Ситуация современности предполагает актуализацию поиска новых романных форм, адекватных времени. Относительное многообразие художественных решений современных романистов, что вполне объяснимо неканонической поэтикой жанра романа, свидетельствует о наличии его разных типологических разновидностей в современную эпоху. Подчас жанровые именования, к которым склоняется тот или иной автор («роман с языком», «неисторический роман»), как бы транслируют новые перспективы жанра. Однако многие из новых сочинений, причем едва ли бессознательно, но именно вполне осознанно, возвращаются к тому стержню — к идее «восстановления» / «пробуждения» / «спасения», — на котором держался русский классический роман. Прежде всего мы имеем в виду роман Е. Г. Водолазкина «Лавр», который сам автор понимает как «неисторический роман», — это очень важная номинация, ставящая это сочинение в разряд текстов, как говорил Л. Н. Толстой, с отступлением от европейского образца. Древнерусские истоки стиля и жанра этой книги рефлексировались как самим писателем, так и критиками [Маглий], и, безусловно, заслуживают отдельного разговора. В рамках задачи нашей статьи мы хотели бы обратить внимание на отчетливый дантовский вектор книги, «итальянский текст» которой специалисты связывают с А. А. Блоком как с самым «дантовским» русским поэтом [Сабо], но здесь, весьма вероятно, сказывается и русская романная традиция. История любви героя к Устине приобретает координаты

истории Данте и Беатриче, с тем вариантом «спасения», который предполагает осознание греха и его последующее трудное, но движение вверх, ввиду любви к Богу. Глубинно тут читается дантовский вектор русского романа17, а значит и вся линия, идущая от Пушкина, Гоголя, Гончарова и Достоевского.
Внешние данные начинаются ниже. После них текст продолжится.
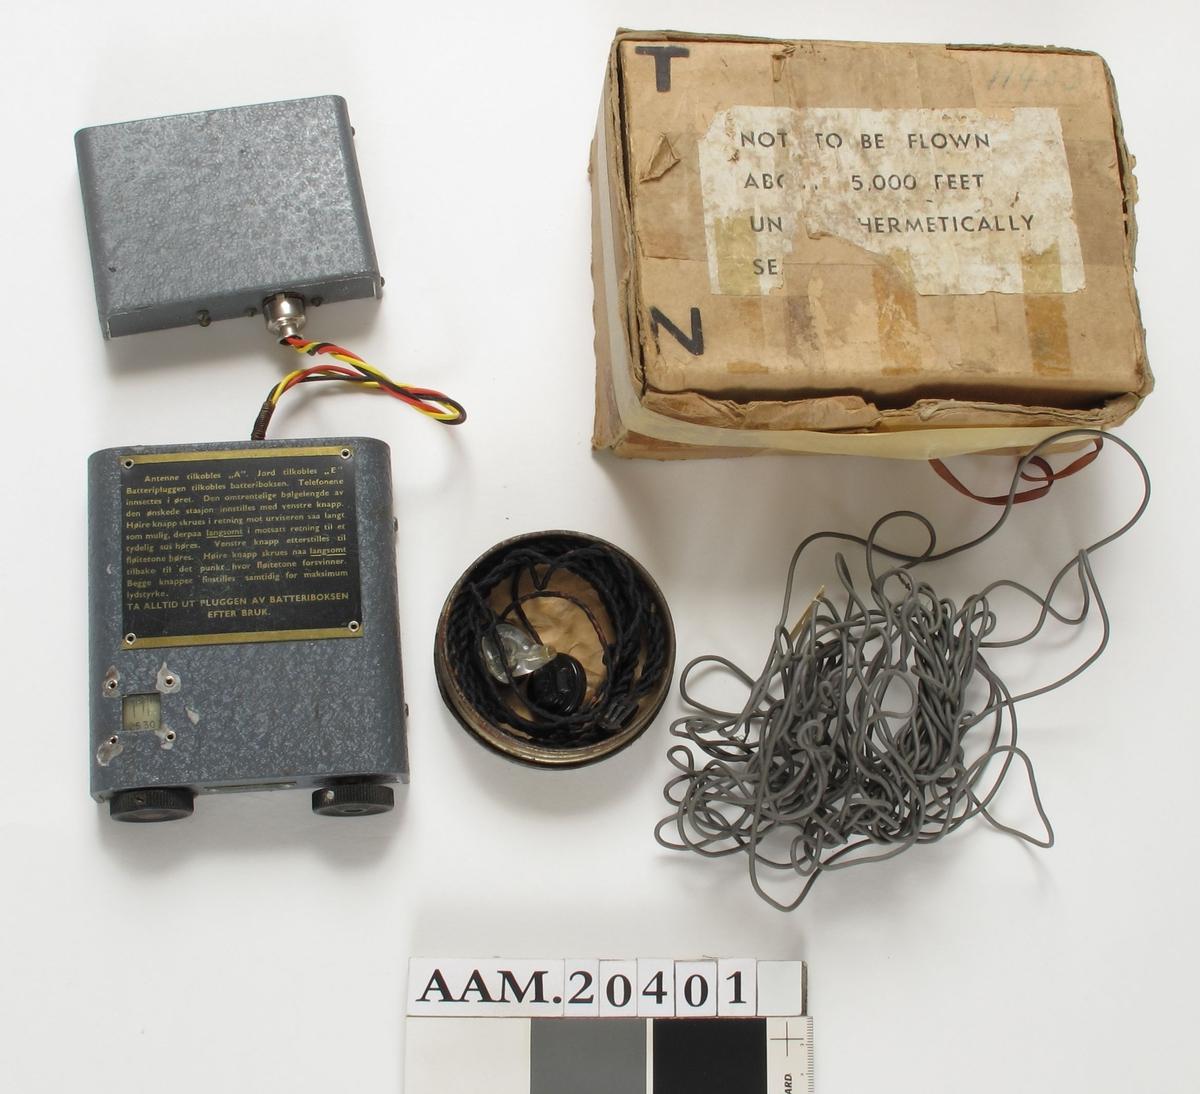 """Radiomottaker,  kalt   Sweetheart"""",   med øretelefoner, antenne og batteriboks.   a) Radiomottaker.   Metall,  malt militærgrått med """"ruflet"""" mønster.   Flat rektang. boks, på den ene side med avrundede langsider.   H. u.knapper 12,2. Total H. 13,3. B. 11. Dybde 3.  I den ene kortside to stilleknapper/hjul, mellom dem metallskilt med nr. 14724. felt med skala, i øvre del stor sort tekstfelt med tekst i gull med bruksanvisni  b) Antenneboks,   metall,  gråmalt.   H. 10,5. B. 7,8. Dybde 2,5.  Lite sort stempel: 191. Tom for batterier.    c) Antenne.  grå, tynn ledning, flere meter. med Gummibelagt med stålwire inni.    d) Rund metalldåse med flatt lokk.   Diam. 8,2.  Inni denne ligger to små øretelefoner med sort snodd ledning.  Selve øreapparatet er av sort bakelitt og klart glass. Noe rødbrun lakk  i tuppene, litt på ledningen og inni kanten av lokket. Merket:   Pat. Pend. F 4, og Brush.    e) Pappeske.   H. 7,5. L. 19,5. B. ca. 15.  Th. på lokket med blå blyant: 11403. Hvit etikett med sort  tekst:   Not to be flown above 5,000 Feet Un.hermetically Se.""""  (avrevet)."""

Исследователи творчества Водолазкина подчеркивают склонность писателя к определенным схемам мотивов, которые присутствуют практически во всех его художественных текстах. Эти схемы являются своеобразной визитной карточкой автора «Лавра» и легко заметны [Горбенко: 94]. К ним, несомненно, относятся мотивы плавания в космосе, полета, прохождения, проникновения во время, поиска самоидентификации, греха, прощения и вечности [Бояркина]. Они задают постоянные направления размышлений Водолазкина, которые относятся к так называемым вечным вопросам, среди которых одним из важнейших оказывается вопрос о сущности времени, о пределах существования, о возможности преодоления этих пределов человеком. В понимании человеческой жизни как явления неконечного писатель созвучен общему строю русской средневековой культуры с ее презумпцией религиозности.
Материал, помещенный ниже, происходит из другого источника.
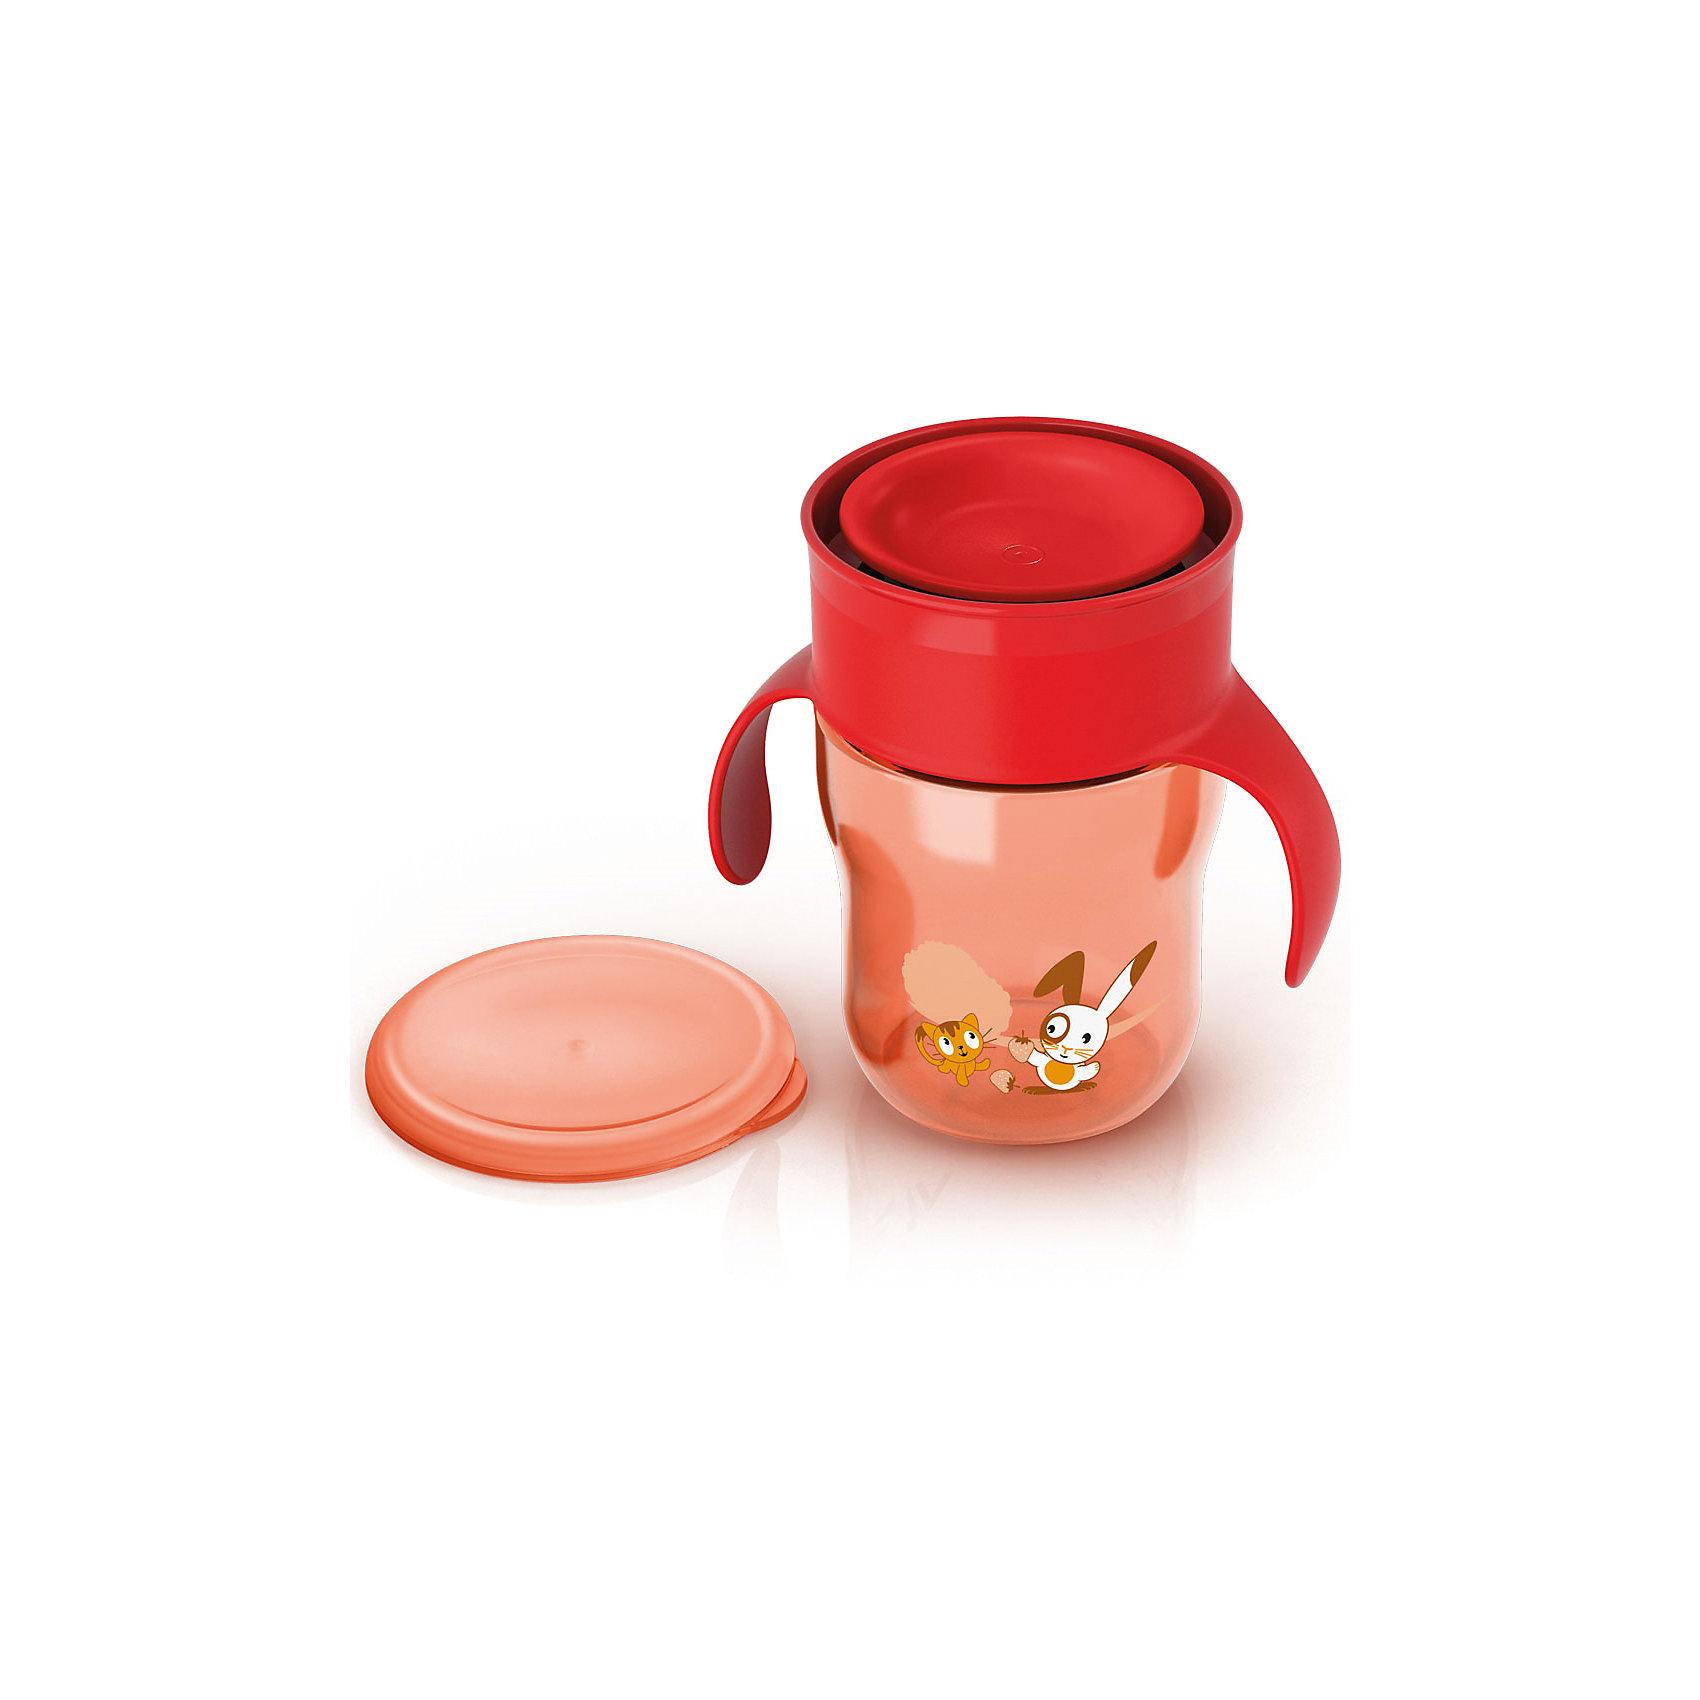 Поильник-чашка , 260мл, AVENT, красныйПоильники<br>Поильник-чашка 260мл - инновационная чашка от Philips AVENT (Авент), которая поможет Вашему малышу легко и играючи перейти на использование обычной чашки без носика и трубочки. Кроме того, кружка-поильник удобна для использования в любом транспорте и позволит сохранить в чистоте одежду малыша и салон автомобиля.<br>Уникальный клапан с защитой от протекания — передовое решение, специально разработанное экспертами Philips AVENT (Авент). Клапан реагирует на прикосновение губ, обеспечивая удобство питья для ребенка и исключая проливание напитка.<br>Обучающие ручки приучают малыша держать чашку и пить без посторонней помощи.<br>Дополнительная информация:<br>- В  комплекте кружка-поильник с защитным клапаном и обучающими ручками, крышка - 1 шт.<br>- Клапан с быстрым потоком позволяет малышу пить, не прилагая лишних усилий, не всасывая жидкость. Идеально для малышей старше года.<br>- Не содержит бисфенол-А.<br>- Можно мыть в посудомоечной машине.<br>- Кружка-поильник не предназначена для приготовления пищи, а также  для горячих и шипучих напитков.<br>Поильник-чашку , 260мл, AVENT в красном цвете можно купить в нашем интернет-магазине.<br><br>Ширина мм: 150<br>Глубина мм: 70<br>Высота мм: 70<br>Вес г: 250<br>Цвет: красный<br>Возраст от месяцев: 6<br>Возраст до месяцев: 24<br>Пол: Унисекс<br>Возраст: Детский<br>SKU: 2635890

Нам представляется, что в целом трансформация пасхального архетипа в ХХ в. и в русском романе, когда происходит «вторичная сакрализация» и одновременно с этим сосуществует тенденция «восстановления» человека, сохраняется и в настоящие дни. Тем самым при всех метаморфозах русский классический роман в качестве уже национального образца присутствует на литературном поле русской культуры. Его жанровым ядром является мотив «восстановления» человека / его «пробуждения» / «спасения» / движения «вверх, по ступеням», а русский роман оказывается наиболее репрезентативным в жанровом плане выражением архетипического свойства русской культуры — ее пасхальности. Этим, вероятно, обусловлена та особая вершинная позиция русского романа классического образца в системе жанров русской литературы XIX в. и общая тенденция романизации, которая захватила эту эпоху. В мировой литературе русский роман

значим как самостоятельная смыслоформа, которая позволила русским романистам говорить с современным читателем на современном этому читателю романном языке о мисте-риальной по сути истории спасения человека, без ухода в явную архаику, которая ассоциировалась с разработкой этой темы.

Примечания

1 Достоевский Ф. М. Полн. собр. соч.: в 30 т. Л.: Наука, 1976. Т. 14. С. 222.

2 Толстой Л. Н. Собр. соч.: в 22 т. М.: Худож. лит., 1980. Т. 6. С. 398.

3 Там же. С. 397.

4 Там же. С. 398.

5 Тургенев И. С. Полн. собр. соч. и писем: в 30 т. Соч.: в 12 т. М.: Наука, 1981. Т. 7. С. 75.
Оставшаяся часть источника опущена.